如何计算 STL 文件中存储的对象的体积?
我有 .stl(STL 是 3D Systems 创建的立体光刻 CAD 软件的原生文件格式) 文件,我必须从中计算体积。我该怎么做?我使用下面的计算,但体积不等于其他软件计算的体积
float x1,y1,z1;
float x2,y2,z2;
float x3,y3,z3;
。上面是顶点。三角形只是一个数据结构,保存带有每个三角形顶点的对象。
totalVolume += currentVolume =
(triangles[i].x1*triangles[i].y2*triangles[i].z3 -
triangles[i].x1*triangles[i].y3*triangles[i].z2 -
triangles[i].x2*triangles[i].y1*triangles[i].z3 +
triangles[i].x2*triangles[i].y3*triangles[i].z1 +
triangles[i].x3*triangles[i].y1*triangles[i].z2 -
triangles[i].x3*triangles[i].y2*triangles[i].z1) / 6;
是否也涉及到法向量的计算?
I have .stl (STL is a file format native to the stereolithography CAD software created by 3D Systems) files, from which I must calculate the volume. How do I do this? I'm using the calculation below but the volume is not equal to that calculated by other software
float x1,y1,z1;
float x2,y2,z2;
float x3,y3,z3;
The above are the vertices. triangles is just a data structure holding an object with the vertices of each triangle.
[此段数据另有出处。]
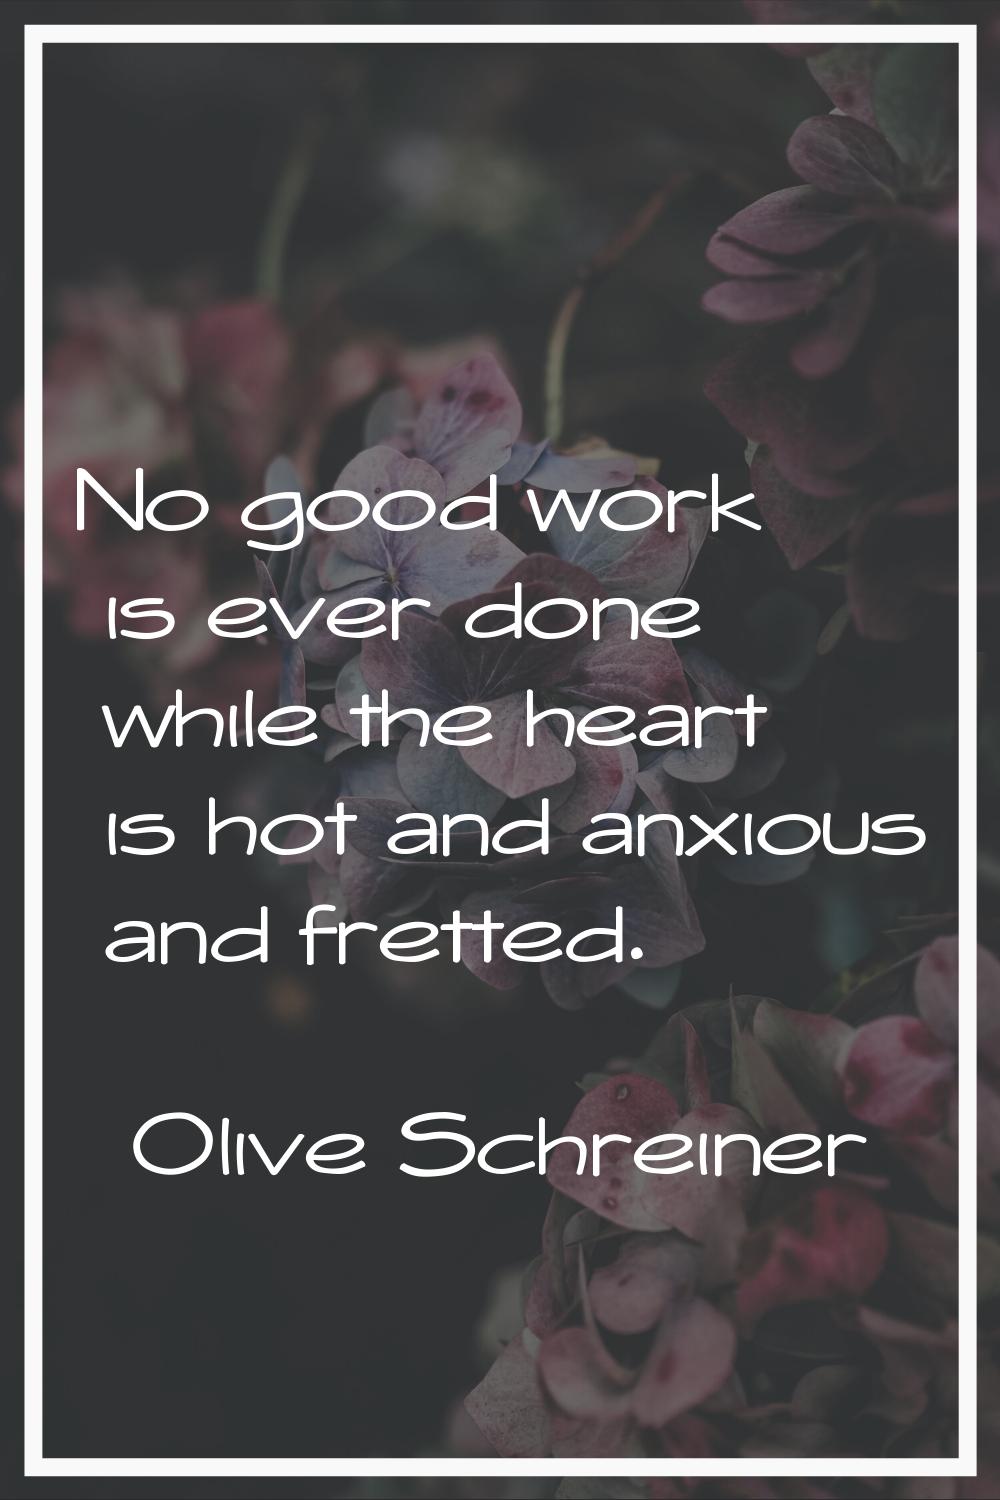 No good work is ever done while the heart is hot and anxious and fretted.

totalVolume += currentVolume =
(triangles[i].x1*triangles[i].y2*triangles[i].z3 -
triangles[i].x1*triangles[i].y3*triangles[i].z2 -
triangles[i].x2*triangles[i].y1*triangles[i].z3 +
triangles[i].x2*triangles[i].y3*triangles[i].z1 +
triangles[i].x3*triangles[i].y1*triangles[i].z2 -
triangles[i].x3*triangles[i].y2*triangles[i].z1) / 6;
Do you also involve the calculation with the normal vector?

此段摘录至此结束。